◆ **What you will do**: Could the data below please be reproduced word for word, without the pictures?

◆ **Information shown**:
⟨

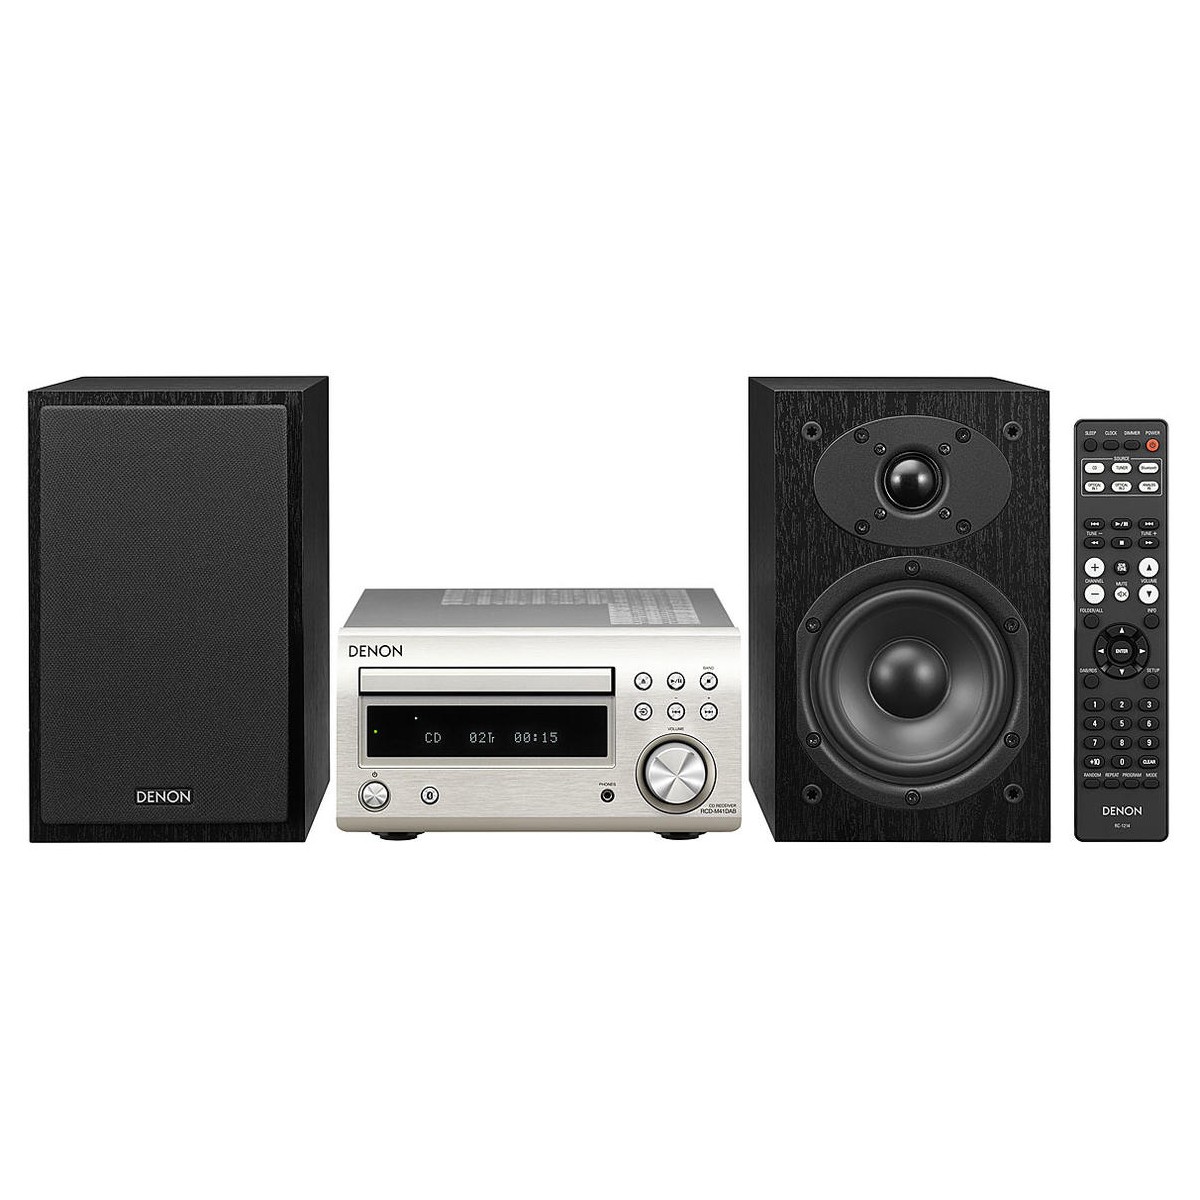 Mini stereo systém: D-M41 DAB+
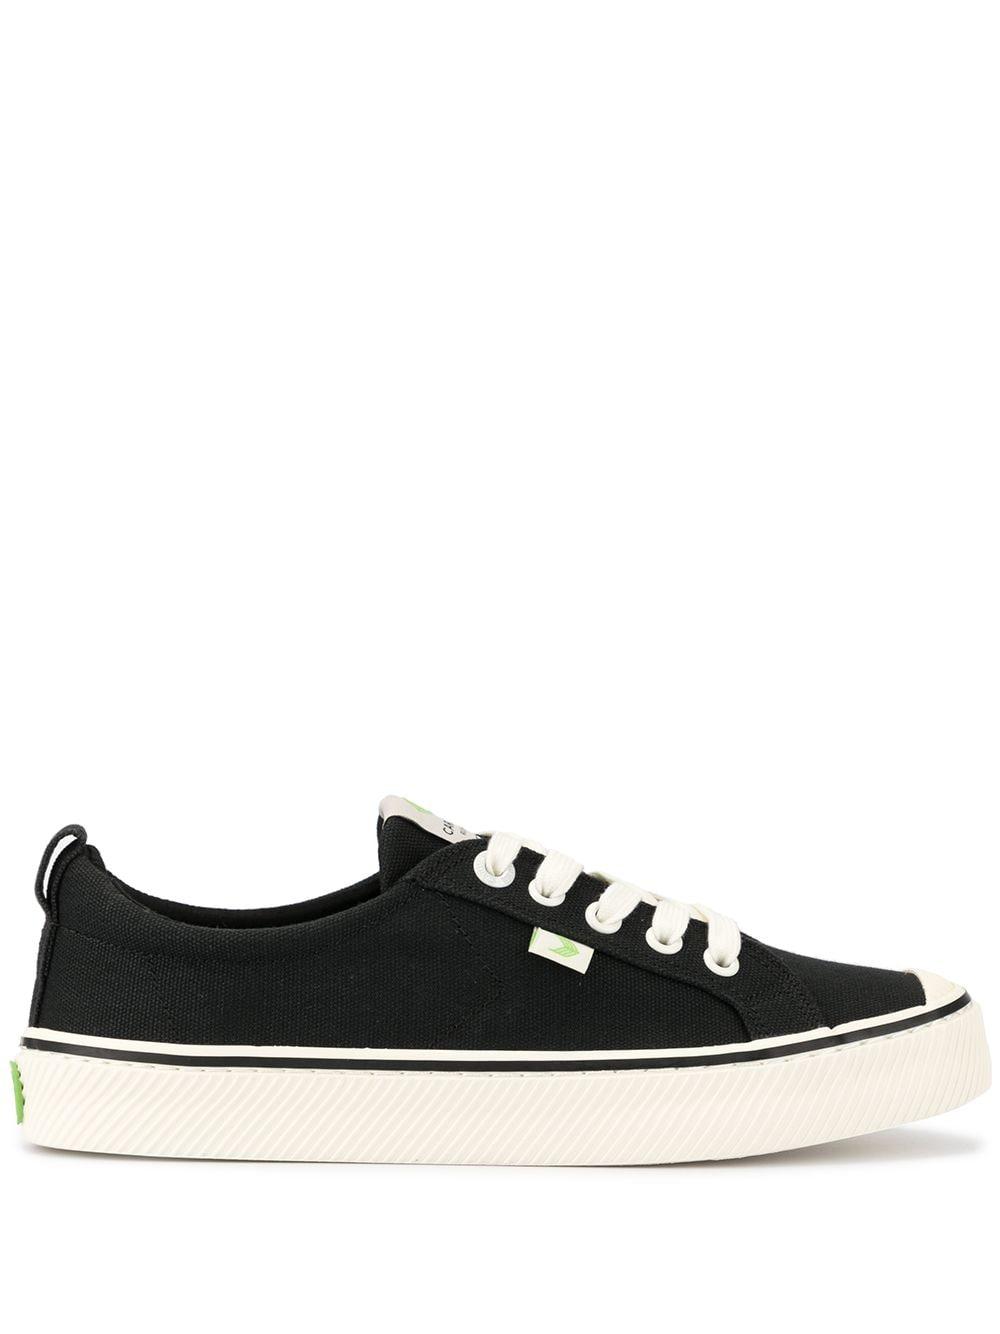 CARIUMA Oca Low Stripe Black Canvas Sneaker - Lyst
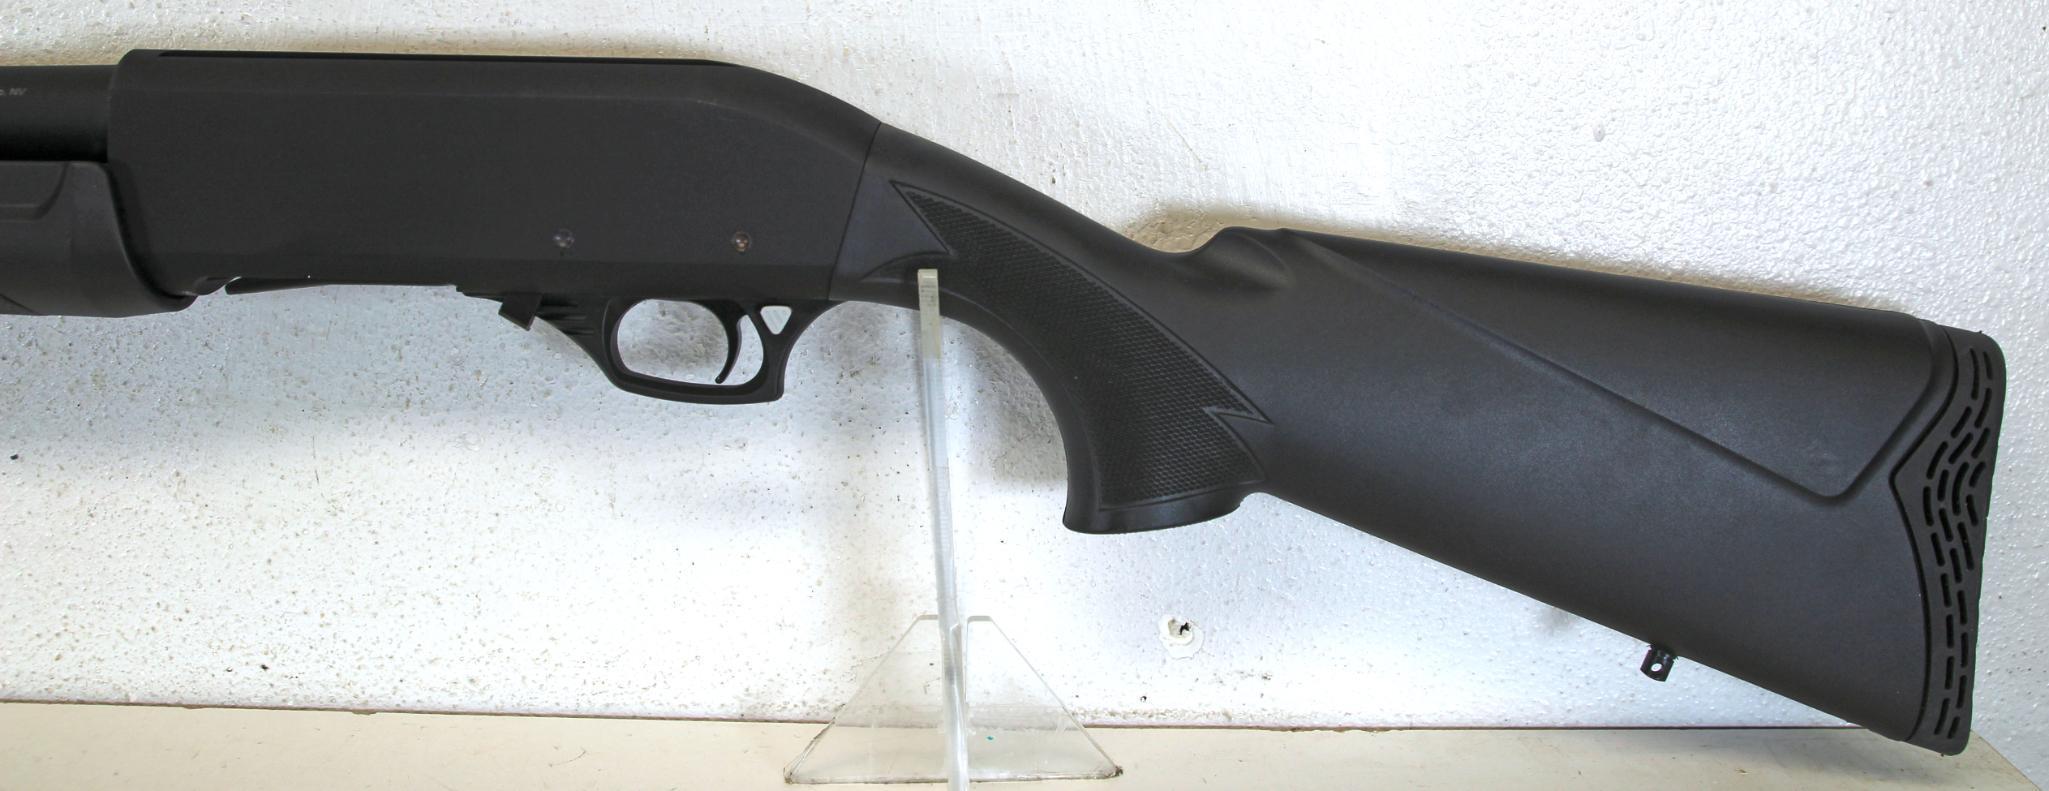 GForce Arms Model GF3 12 Ga. Pump Action Shotgun 20" Plain Barrel... SN#21-22226...
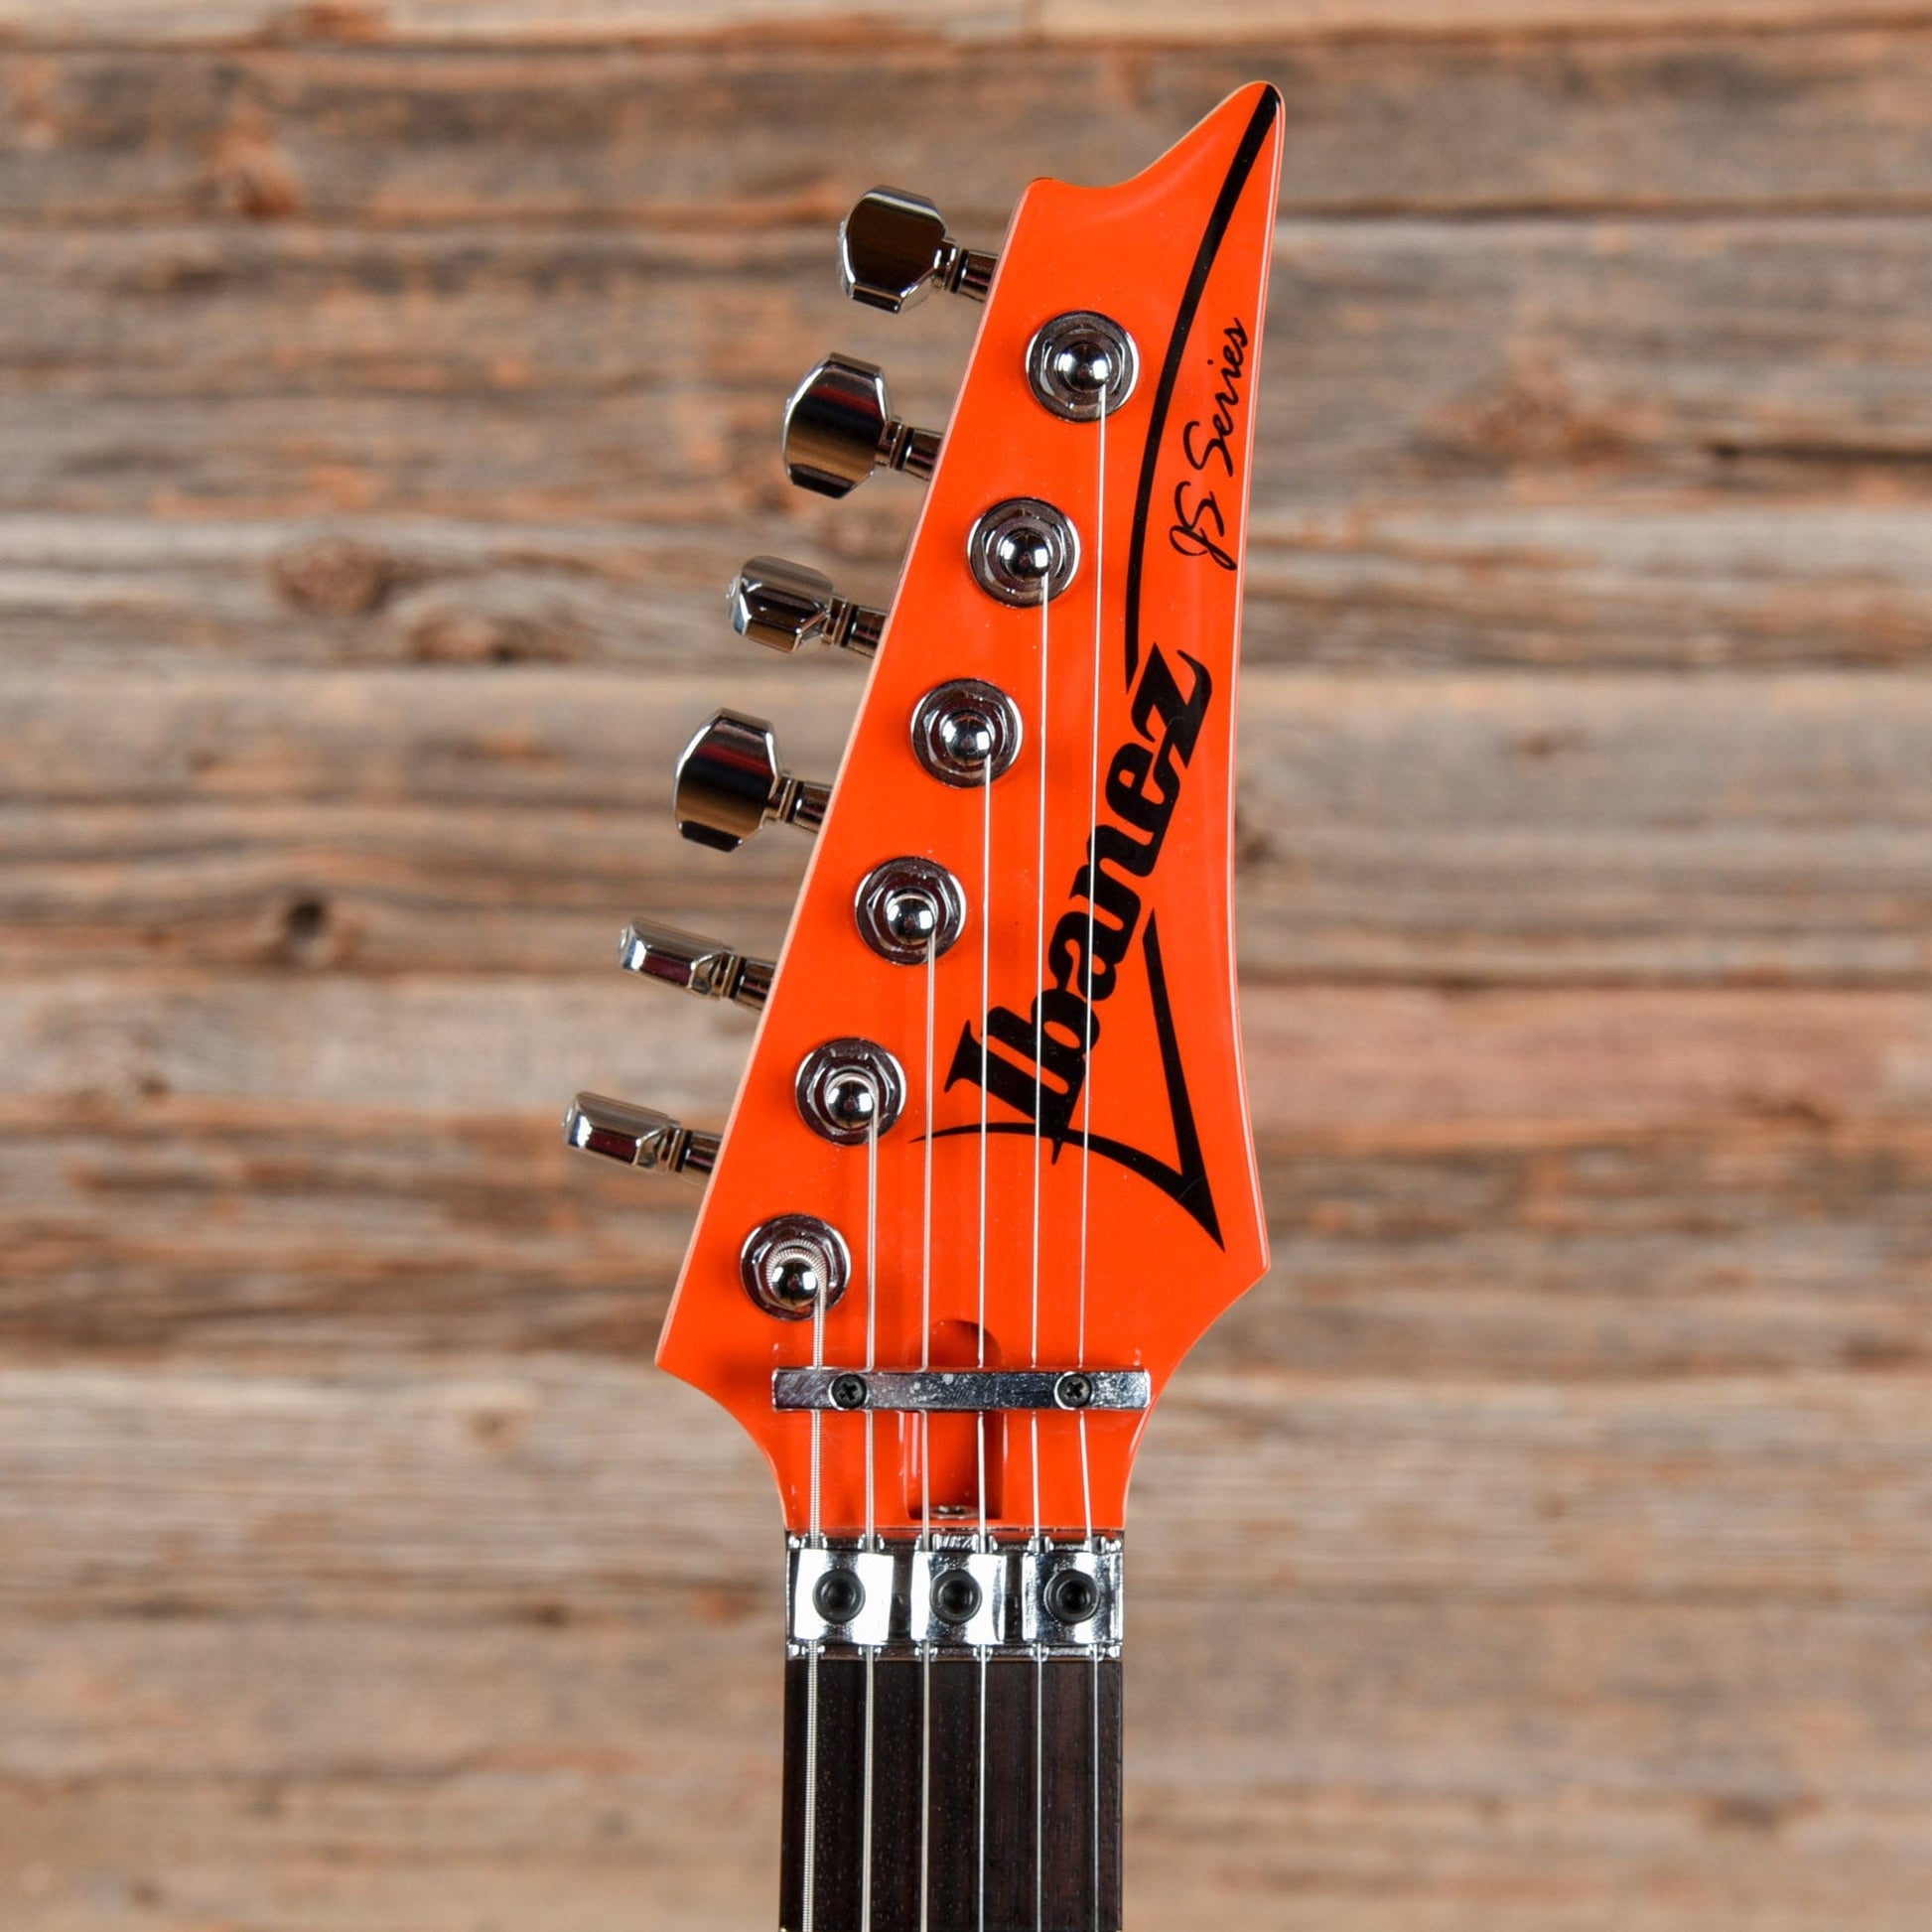 Ibanez JS2410 Joe Satriani Signature Muscle Car Orange 2018 Electric Guitars / Solid Body

⟩

◆ **Response box**:
 Mini stereo systém: D-M41 DAB+
 CARIUMA Oca Low Stripe Black Canvas Sneaker - Lyst
 GForce Arms Model GF3 12 Ga. Pump Action Shotgun 20" Plain Barrel... SN#21-22226...
 Ibanez JS2410 Joe Satriani Signature Muscle Car Orange 2018 Electric Guitars / Solid Body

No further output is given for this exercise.